--- Information supplied ---
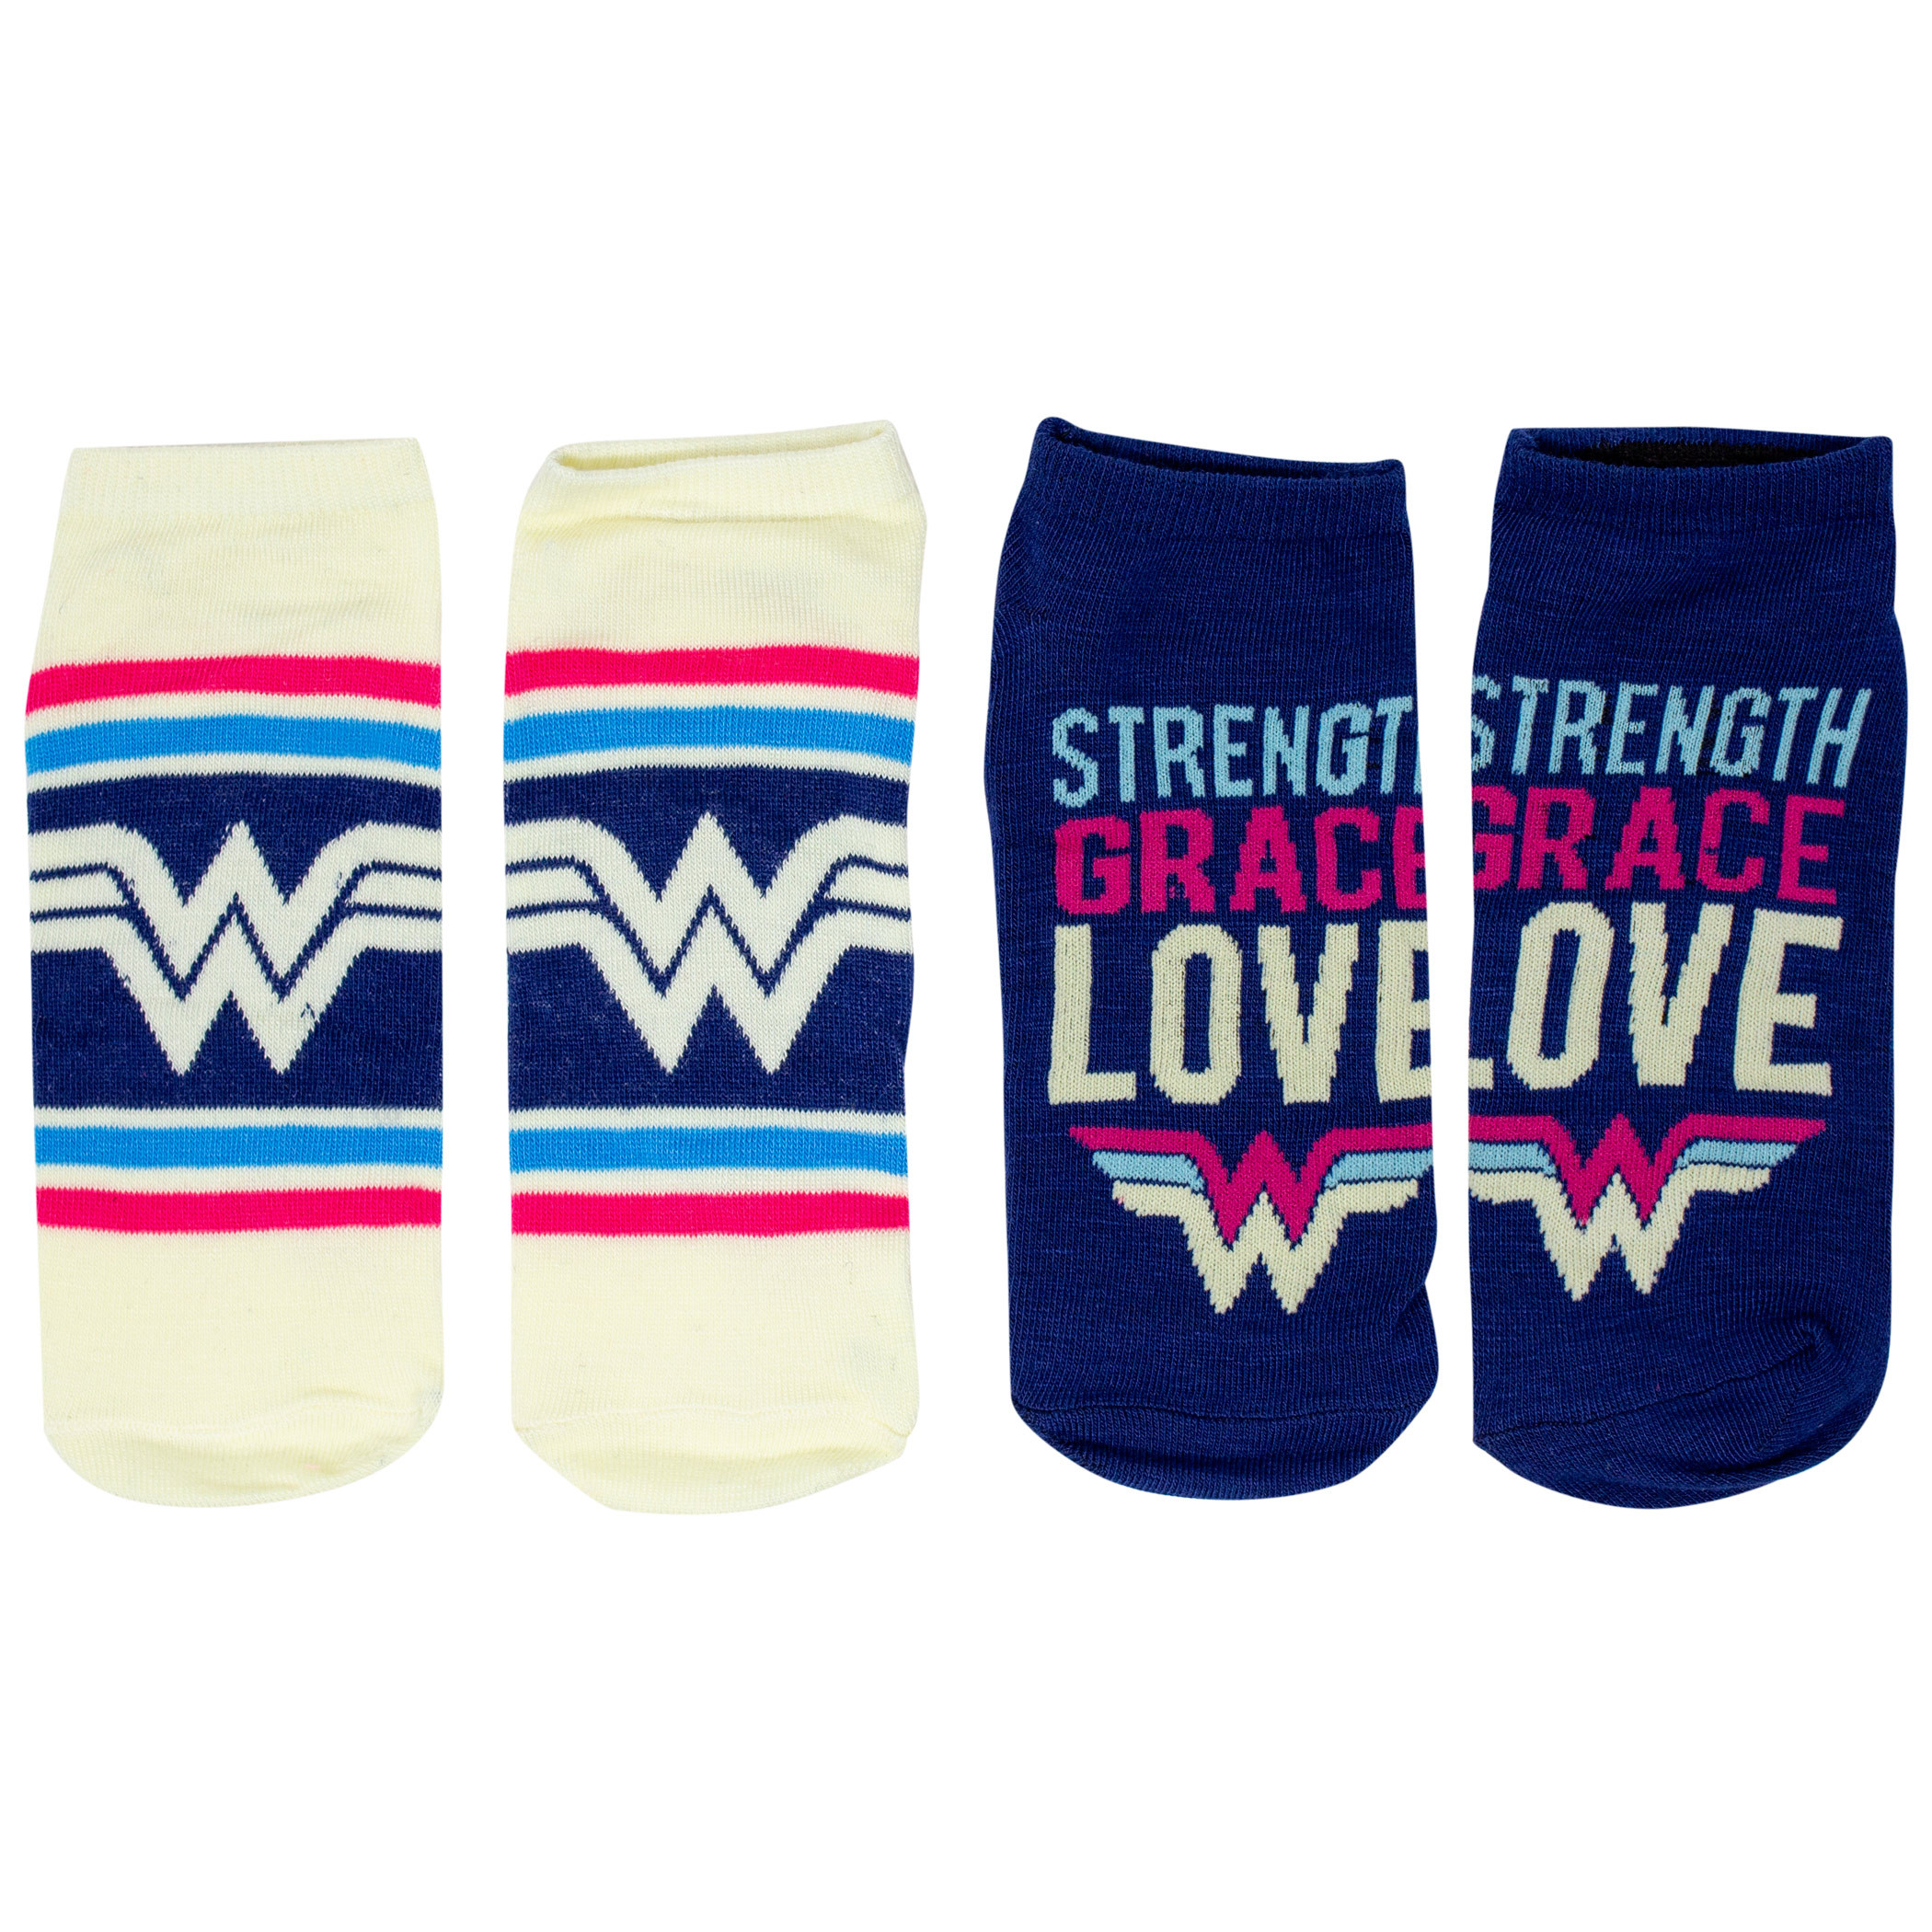 Wonder Woman Sock of the Week Assorted Women's Shorties Socks 7-Pair Box
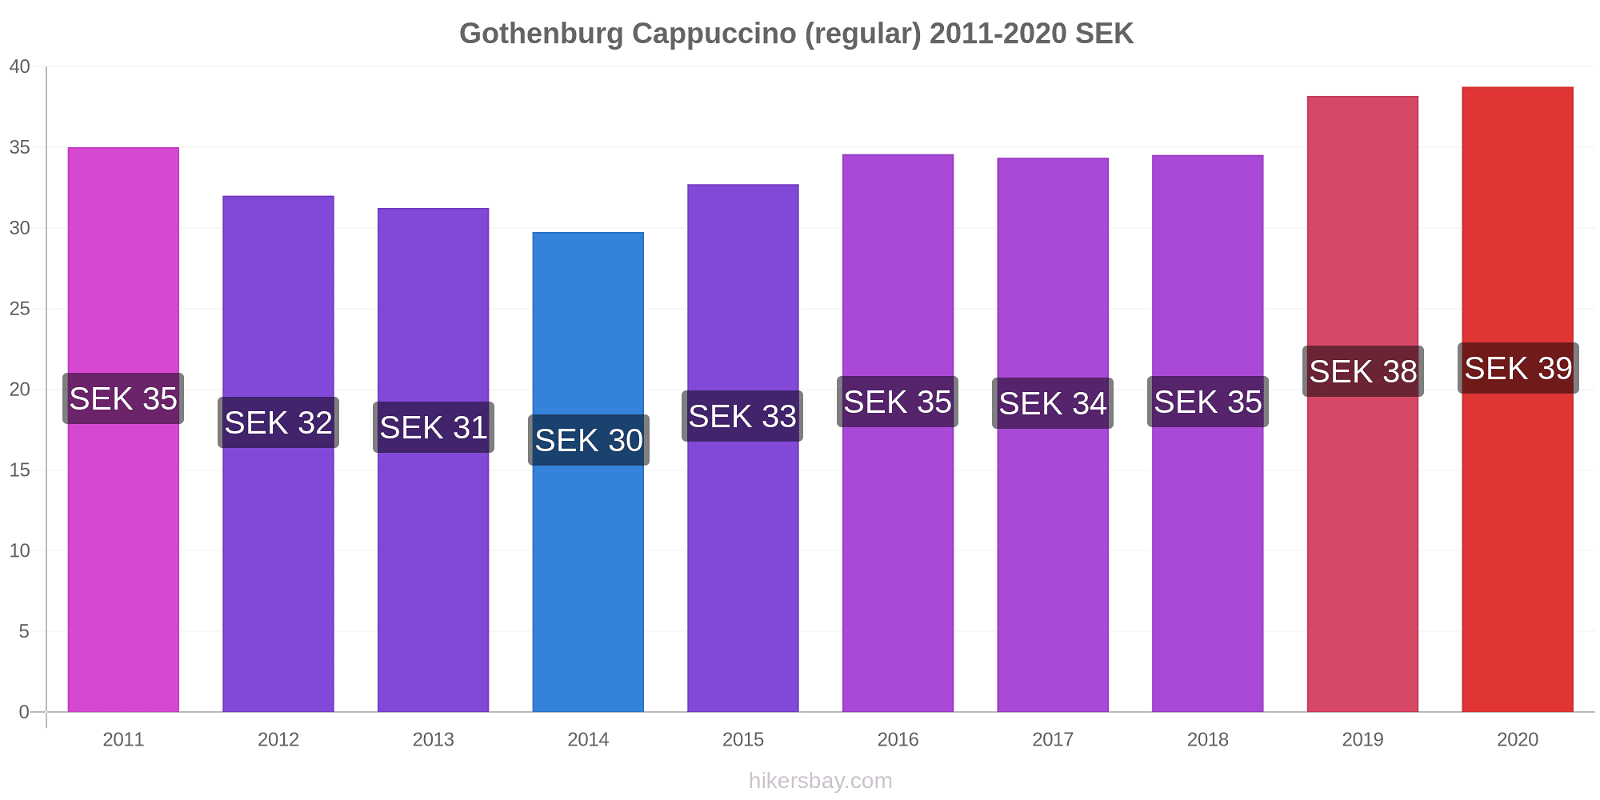 Gothenburg price changes Cappuccino (regular) hikersbay.com
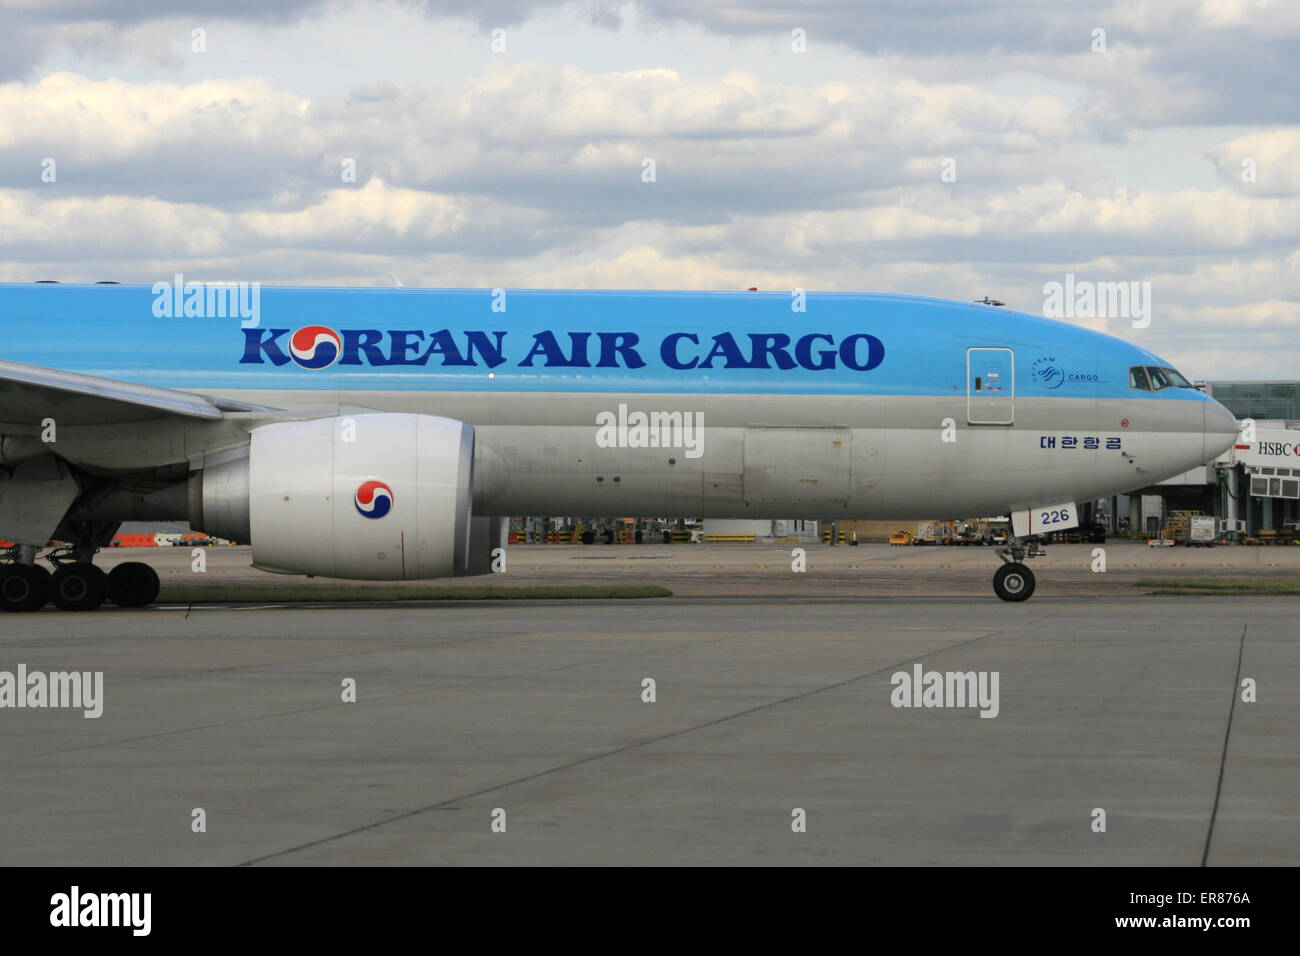 KOREAN AIR CARGO 777 Stock Photo
---
__What is required__. Line by line and exactly, reproduce the span from the line with "Gothenburg price changes" through the end of the data above, both ends included, with pictures left out.

__Response to this task__.
 Gothenburg price changes Cappuccino (regular) hikersbay.com
 KOREAN AIR CARGO 777 Stock Photo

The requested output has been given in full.